“When we’re both still alive in six months, she’ll be in better shape to understand why I had to go.” She gestured at the small room filled with cheap furniture. “People pay a lot for what we do, but she’s always hidden the money, says she doesn’t want to call attention to ourselves by spending it, and I’ve never been able to find it. I’m not sure she knows where it is anymore, now that her mind’s going. So I have to earn money myself.”
We sat in silence for another few moments. It struck me that Echo had been here the whole time I’d been going to school, living her life in a tiny house, invisible to the rest of us—except when we needed her or her mother.
“So you’re a hekamist,” I said.
Echo nodded.
“And it’s always like that? Spells, I mean?”
“More or less. Food, blood, will.” She recited the words like a mantra, then bit off a piece of medical tape with her teeth and attached it to the gauze.
“And it . . . hurts?” I asked.
“Like hell.”
“So why do you do it?”
She peered up at me through dark hair matted with blood. “It’s not just pain. It’s also joy—the power of it. I’m a part of something bigger than me. Something beautiful. I set things right, keep the balance. That always feels good.” She sat up, pulling down the sleeve of her shirt over the fresh bandage. “Plus it’s my choice. I get to choose to help my mom stop suffering.”
“You never regret it?”
She looked for a second like she might snap at me, but seemed to reconsider. “There are moments. When it would be easier . . . not to be a hekamist.”

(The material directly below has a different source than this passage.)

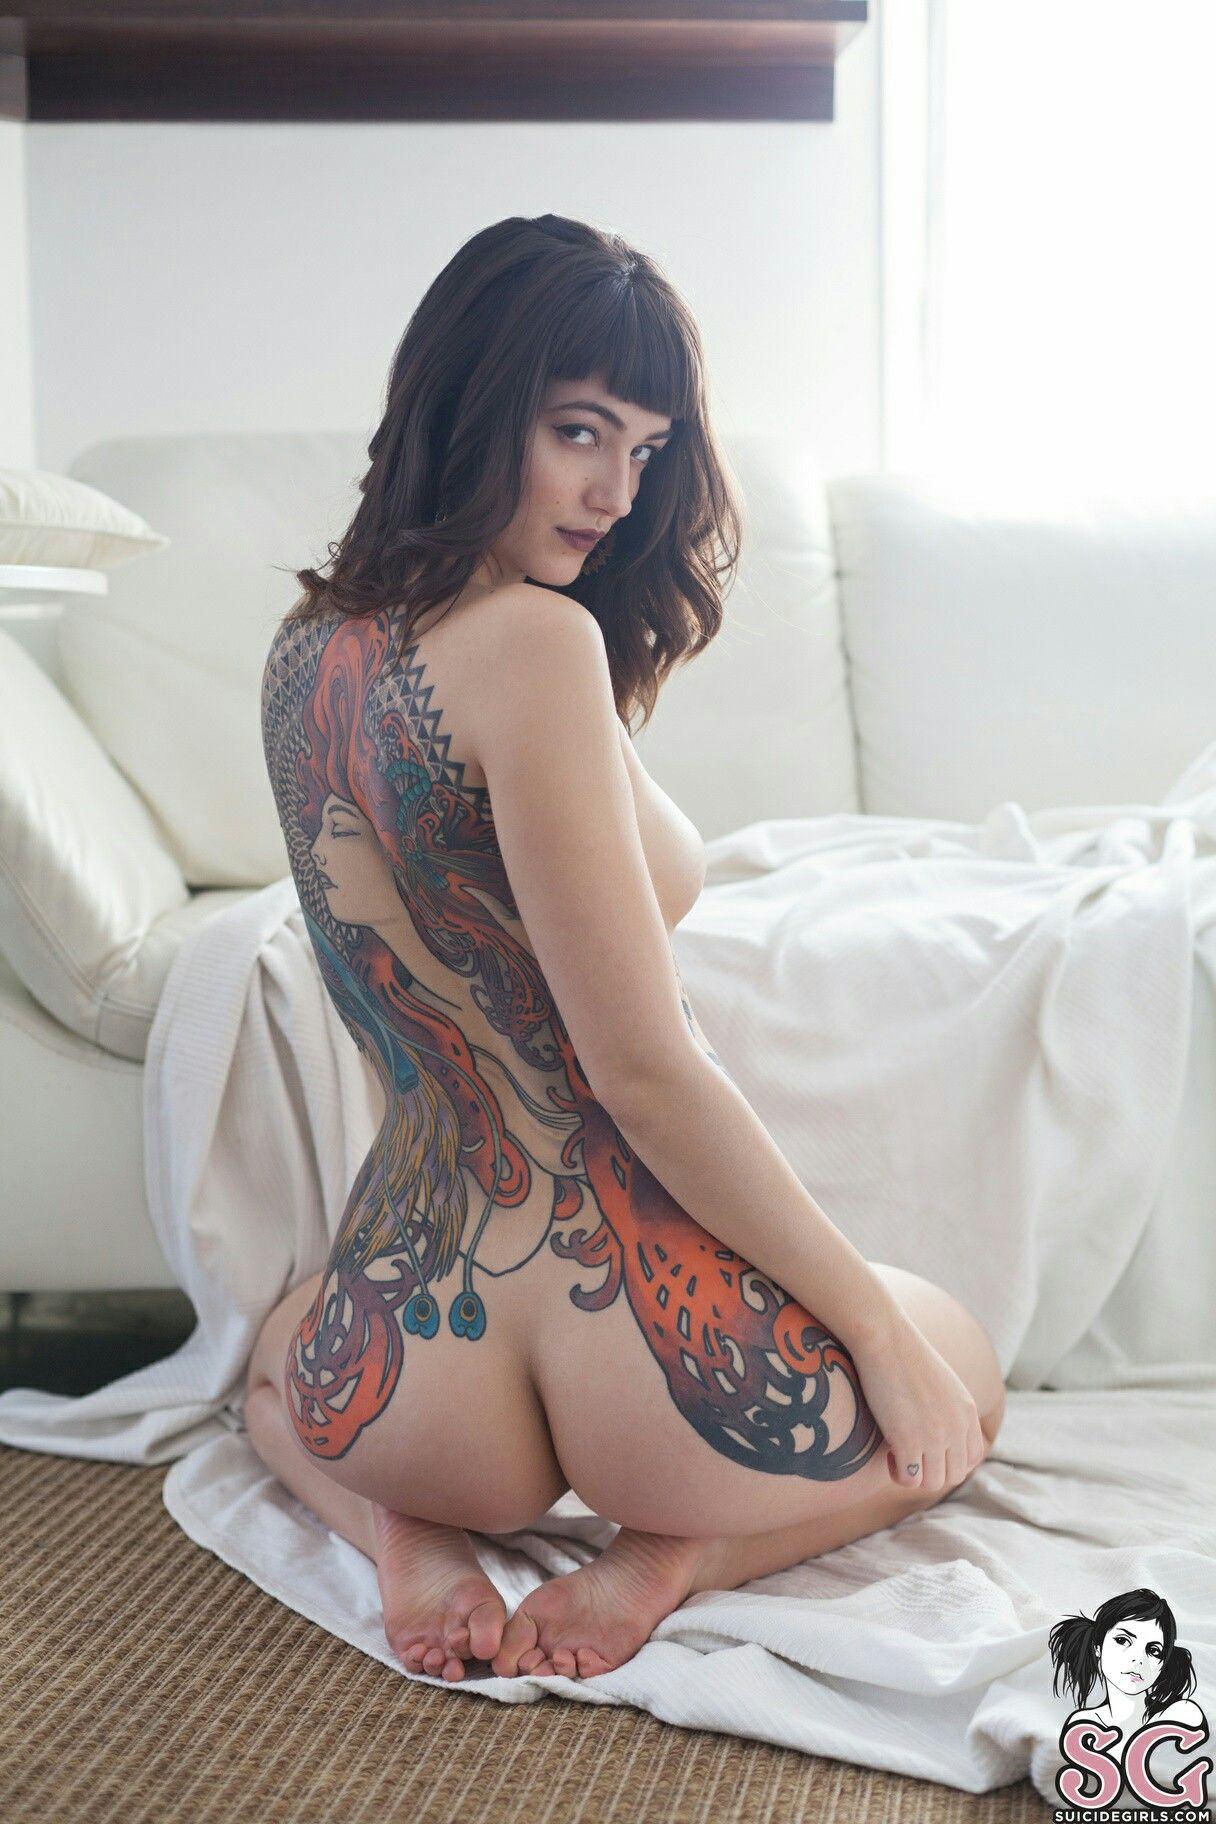 Body Art Tattoos Girl Tattoos Tattoo Girls Tatoos Tattoos For Women

I’d heard hekamists on TV protesting the laws against joining covens, but they never talked about this. They talked about history and natural balance and the free market, and the grand peaceful history of hekame. No “food, blood, will.” No pain.
Echo leaned back in her chair. Her hair dripped red onto her cheek, so I handed her some extra gauze and she wrung out handfuls.
“Well, now that the secret’s out, I guess we’re done, then,” she said.
“Yeah. Good luck.” I started to creep toward the door, stepping carefully around the awkwardly placed couch and the passed-out older hekamist sleeping on it.
“Hey,” Echo said. She chewed on her bottom lip, hesitating. “The night Win died—the night he was going to pay me. Do you really not remember it at all?”
I stared at her, examining every twisted piece of hair and cinched buckle on her boots. Her eyes were light brown, softer than the sharp angles of the rest of her face. I had that not-quite-a-memory feeling again—of buoyancy. Light and air.
“You do seem a little familiar. I don’t know what this means, but I have a vague memory of—lightness.”
She smiled big then, so big it seemed to crack her face in two and she started crying.
I could’ve left then, turned around and walked out the door. But there was nothing out there for me except videos of past performances and friends who didn’t trust me. Strangely, Echo reminded me of Diana, or at least the old Diana, who needed me to be the strong one, the leader. Even though she was a hekamist. Even though I was the one who knew a secret about her, now. The secret made her real.
I went back to the kitchen and sat down across from her. Echo kept crying, tears gathering at the end of her nose, mixing with blood, and dripping onto her black-sleeved arms, which she’d crossed on the table. I wondered if that was what I would’ve looked like if I hadn’t taken the spell, and was in real mourning.
“I wasn’t in love with him or anything,” she said after a while.
“Oh. That’s okay.”
“But he listened, he trusted me. I’ve been on my own, basically, for a long time. I . . . miss him.” She wiped her eyes with her sleeve.
“What was he like?”
She looked down at her sleeve and the fingernails clutching the hem. “He played baseball. He was always kind to his sister.”
“I’ve met her,” I said. I remembered a small, pale girl who hugged me fiercely at the funeral. Where was she now? Would Old Ari have sought her out, spent more time with her? Did she miss me?
Echo stood up so abruptly I thought she might pass out. But though she swayed, she stayed upright, grabbing plates and throwing them into the sink. She stowed the puck in a cabinet next to a stack of dented baking sheets. The dirty gauze pads went into the garbage and the clean ones back where they came from. She moved too fast to follow in such a tiny kitchen.
“Win was a good brother,” she said. “Not that I have anything to compare him to. I’m an only child, obviously—and I’m not sure how my mom managed to have me, because it’s tough for hekamists to have kids. Something about the shared life of a coven isn’t conducive to the selfishness of a baby. That’s why—it’s why most hekamists used to join covens when they were older, back when it was legal to join. They’d wait until they’d already had their kids.” She stopped moving in the middle of the kitchen, as if shocked by her own words.
I was shocked, too. No babies. Not ever. I didn’t want one then and I doubt she did, either, but it was a tough life sentence to bear.